I live in Austin, buddy lives in Houston, but boat will be living in La Grange (halfway between Austin and Houston) - so we have pretty wide geographic coverage. 

Yikes - that's a long time. Do you mind expanding on what would sway you toward the F70 over the Tohatsu?


----------



## Smackdaddy53 (Dec 31, 2012)

RiggedUp said:


> I live in Austin, buddy lives in Houston, but boat will be living in La Grange (halfway between Austin and Houston) - so we have pretty wide geographic coverage.
> 
> Yikes - that's a long time. Do you mind expanding on what would sway you toward the F70 over the Tohatsu?


The HPX-T transom and tunnel was designed for a 20” shaft outboard. The F70 has 10 more horsepower for not much more weight and is a great power plant for this hull.


----------



## coconutgroves (Sep 23, 2013)

RiggedUp said:


> I live in Austin, buddy lives in Houston, but boat will be living in La Grange (halfway between Austin and Houston) - so we have pretty wide geographic coverage.
> 
> Yikes - that's a long time. Do you mind expanding on what would sway you toward the F70 over the Tohatsu?


As Mac said, the HPX needs the 20" shaft - might as well get the 10 extra horses. That thing will scoot.

I went with a 50 SS on the Tohatsu based on availability and also getting a white engine. I won't make that trade off again - I'd rather have the 60 SS if I could to gain that extra top end at the same weight.

I'm in Austin as well. We've might have crossed paths before on the way back and forth to the coast. I drag mine from Austin all the way down each time.

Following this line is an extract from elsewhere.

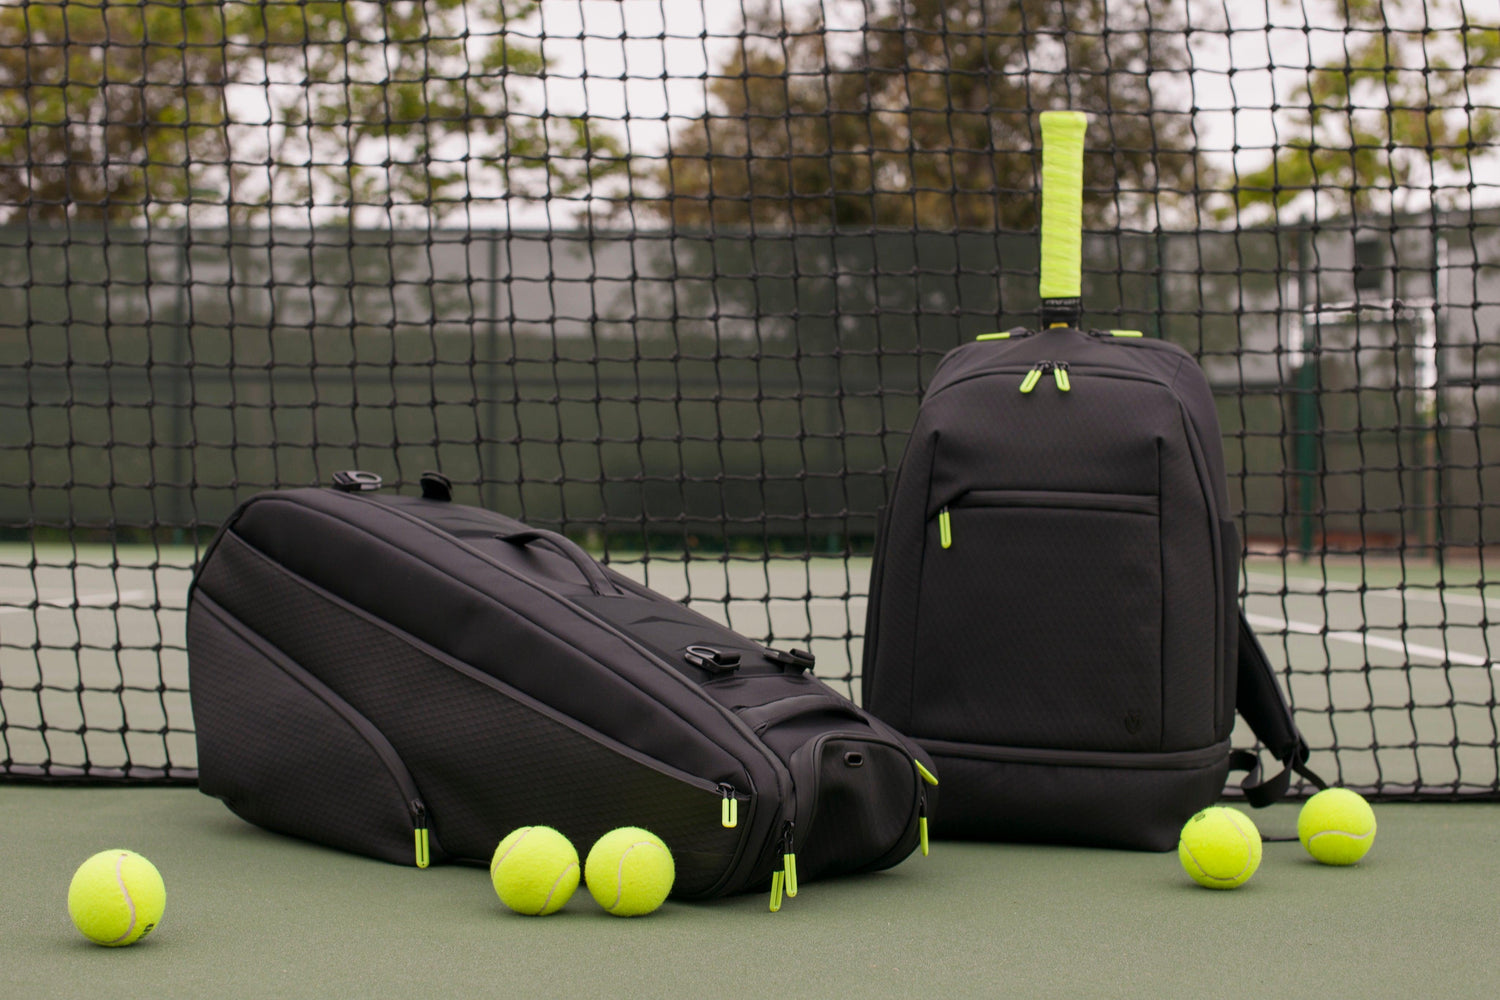 Tennis Bag Buying Guide for Any Player
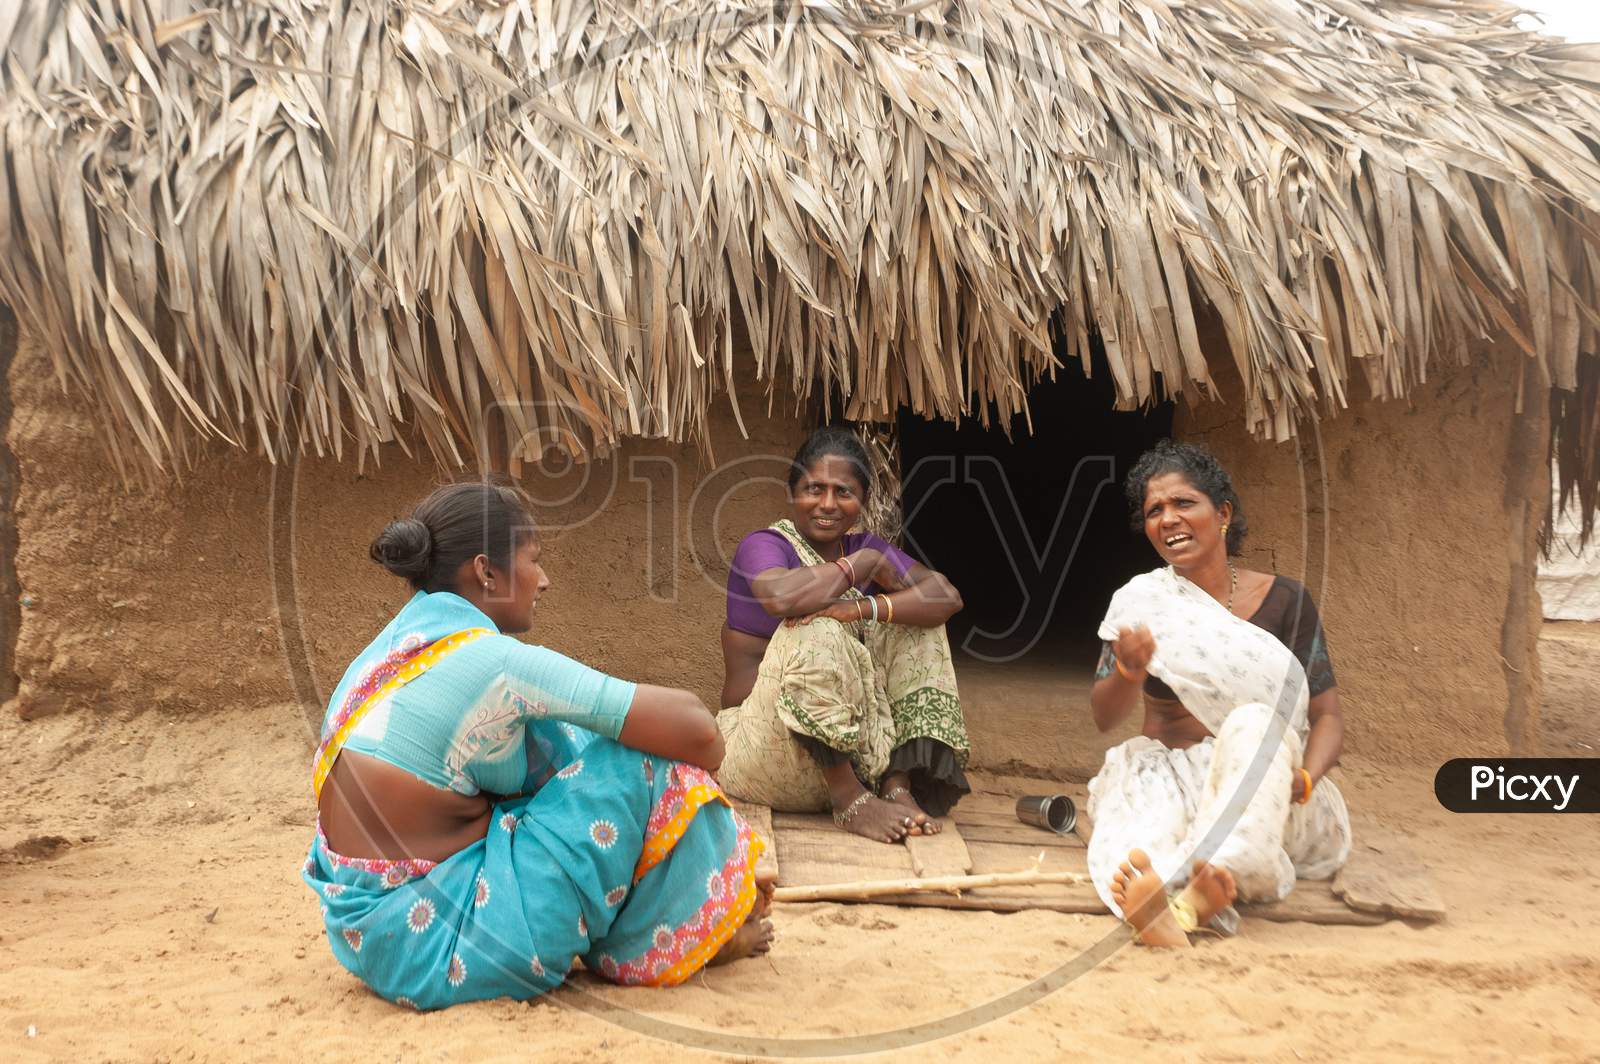 Indian Tribal Women having a conversation by the hut

The Fly Fishing Film Tour in Austin is on Friday 3/25 - if you are going to be there it would be great to meet you.

Keith


----------



## jay.bush1434 (Dec 27, 2014)

Put Zuke 60 in the mix too based on availability. 229lbs for 20" shaft and lots of torque. Since the boat is already rigged for an F70, I'd say put that on the top of your list but at some point, availability and how long you are willing to wait will play an increasing part in your decision.


----------



## Sublime (Oct 9, 2015)

My short shaft 60 Tohatsu has been on order for 9 months. It is my understanding that the short shaft is taking longer to get than than the 20" shaft.


----------



## RiggedUp (Oct 22, 2020)

Got it. F70 just floated to the top of the list. Looks like we might have a lead on one - only a few states away. LOL

Will add Suzuki to the list. To your point, we're going to check around and see what we can get and on what timelines. This boat is dead in the water until we're able to get this taken care of and you know how new toys are. 

As always, really appreciate the thoughtful input around here!


----------



## Sublime (Oct 9, 2015)

Fishing is lackluster in April and May here in Texas. Doing some skiff maintenance for a couple of months, if needed, wouldn't be the end of the world.


----------



## Smackdaddy53 (Dec 31, 2012)

RiggedUp said:


> Got it. F70 just floated to the top of the list. Looks like we might have a lead on one - only a few states away. LOL
> 
> Will add Suzuki to the list. To your point, we're going to check around and see what we can get and on what timelines. This boat is dead in the water until we're able to get this taken care of and you know how new toys are.
> 
> As always, really appreciate the thoughtful input around here!


PM sent


----------



## coconutgroves (Sep 23, 2013)

Sublime said:


> Fishing is lackluster in April and May here in Texas. Doing some skiff maintenance for a couple of months, if needed, wouldn't be the end of the world.


I turn my attention to the lakes during this time - bass on the fly really turns on.


----------



## RiggedUp (Oct 22, 2020)

coconutgroves said:


> I turn my attention to the lakes during this time - bass on the fly really turns on.


Any particular lakes worth checking out? My in-laws have a place in La Grange, so we're planning to spend some time at Lake Fayette. Took my Shadowcast to Canyon Lake, but really struggled without a trolling motor. (Won't have that problem now.)

I'm also planning to check out the Lower Colorado with a guide - probably a ways off, but I love the Hog Island + Jet + Oars setup.


----------



## coconutgroves (Sep 23, 2013)

RiggedUp said:


> Any particular lakes worth checking out? My in-laws have a place in La Grange, so we're planning to spend some time at Lake Fayette. Took my Shadowcast to Canyon Lake, but really struggled without a trolling motor. (Won't have that problem now.)
> 
> I'm also planning to check out the Lower Colorado with a guide - probably a ways off, but I love the Hog Island + Jet + Oars setup.


I fish Buchanan primarily. A good guide to reach out to for the Colorado is Jeff Davis - great guy, hilarious as hell - he is buddies with Alvin and JT. His new site isn't up yet, but you can connect with him on instagram - Jefe Fly Co


----------



## RiggedUp (Oct 22, 2020)

We ended up finding a dealer with a few F70s in stock. If anyone's in need here's their website: https://www.jorgensenmarine.com/

Located in Beaumont, TX. 

As always, thanks for the input guys!


----------



## RiggedUp (Oct 22, 2020)

coconutgroves said:


> I fish Buchanan primarily. A good guide to reach out to for the Colorado is Jeff Davis - great guy, hilarious as hell - he is buddies with Alvin and JT. His new site isn't up yet, but you can connect with him on instagram - Jefe Fly Co


Will 100% hit him up. Thanks for the recommendation.


----------